Did you know that Norway was just declared the happiest place in the world? According to the annual World Happiness Report, Norway beat out last year's first place winner Denmark for the 2017 designation as the world's happiest nation (155 nations were included in the survey). I found it interesting that, of the top ten happiest countries, seven are European, including all three Scandinavian nations (i.e., Norway, Denmark, and Sweden).
2017 World Happiness Report Top Ten Happiest Nations (see complete list here)
6) The Netherlands
8) New Zealand
*these two nations were tied for ninth place
Actually, for the five years in which the survey has been conducted (for some reason there was no report for 2014), the top ten happiest countries have remained pretty consistent (although Austria beat out New Zealand for a top ten spot in 2013). Only one New World nation, Canada, shows up in the top ten. In fact, the United States actually slipped from 13th to 14th place this year, and was below Costa Rica, which came in at 12th place.

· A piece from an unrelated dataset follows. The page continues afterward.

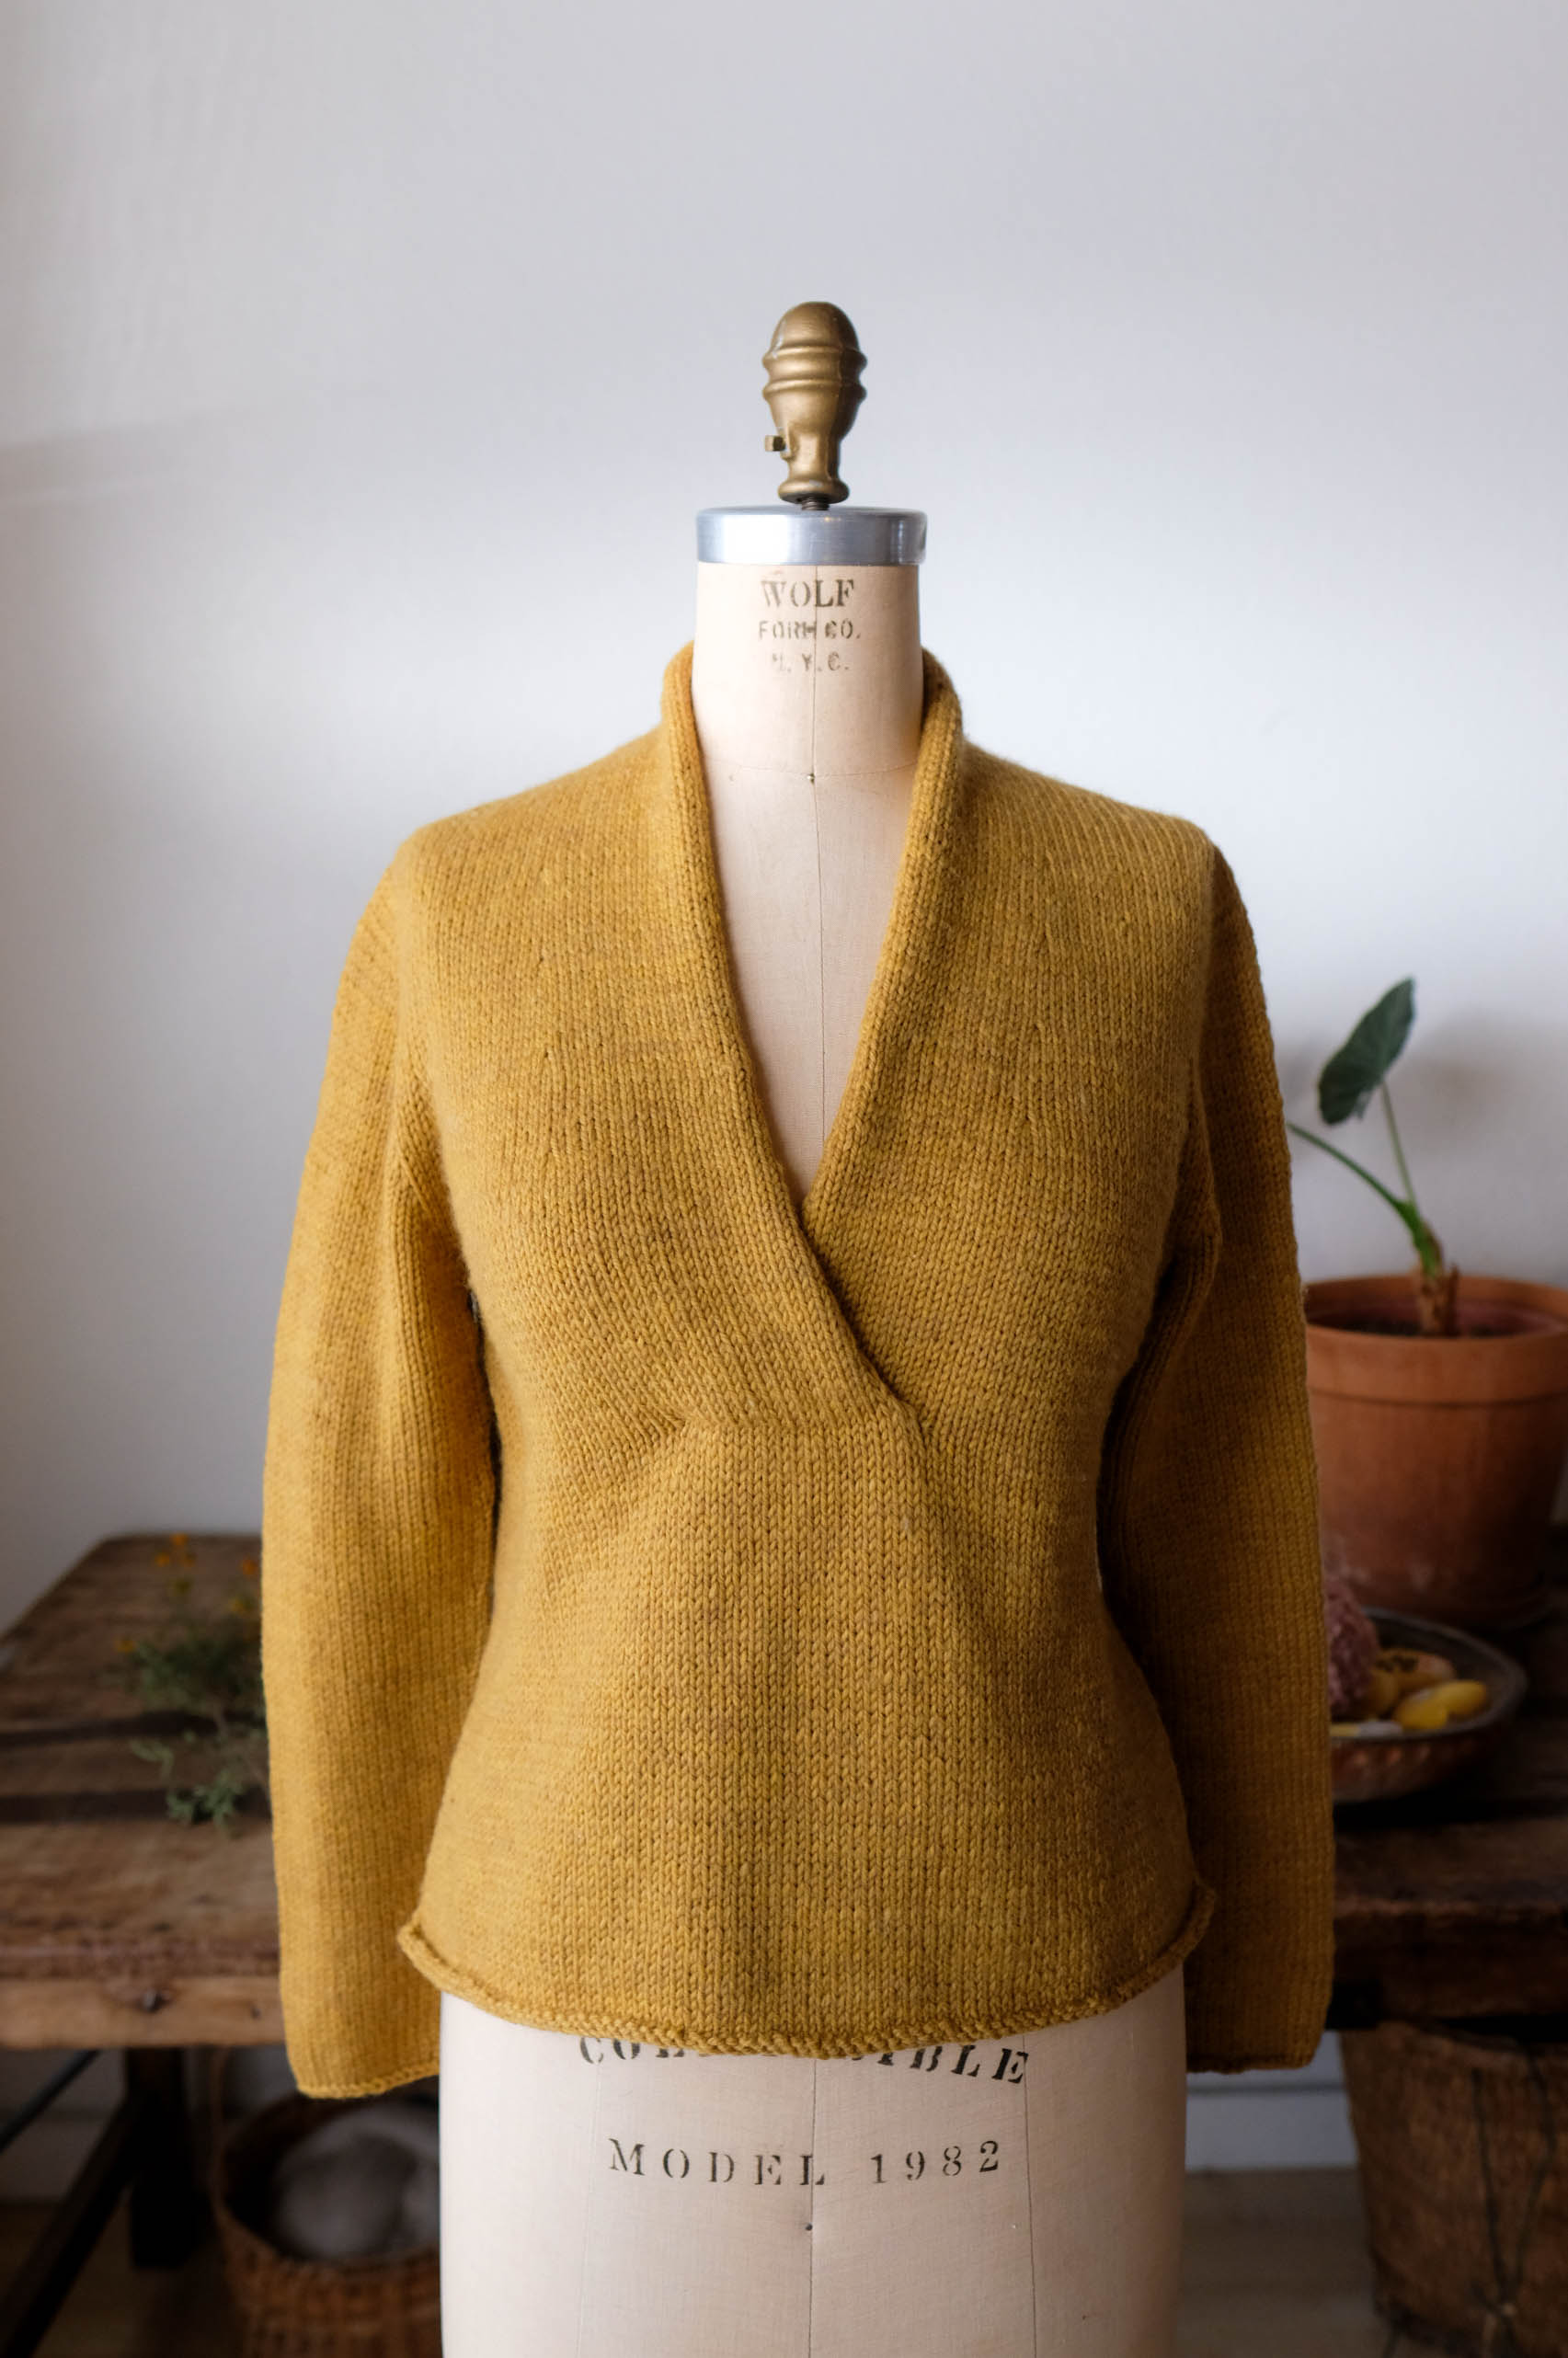 Cocoknits Sweater Workshop: Jump Start! Friday, March 22

So what makes Norway the happiest nation, and why does the United States fail to reach a top ten ranking? According to one article, while economic well-being is important, emotional health promoted by a strong sense of community may be even more critical. Another article states that the Nordic countries have generous social safety nets, reflecting their strong sense of community. Norway has a robust economy, but even though this declined slightly for 2017 due to a drop in oil prices, the nation's emotional and physical well-being put it at the top of the happiness list. Unfortunately, those of us in the United States do not seem to experience this same sense of community safety, which is reflected in our lower ranking.
I find it troubling that our nation is feeling unhappier than ever. And this information comes on the heels of the finding that life expectancy in the United States has declined for the first time since 1993. Perhaps if we focus more on the future and how we can work together to help ourselves as a nation rather than individually we will all be the better, and the happier, for it. After all, happy people tend to live longer and more satisfying lives, and there is nothing wrong with that!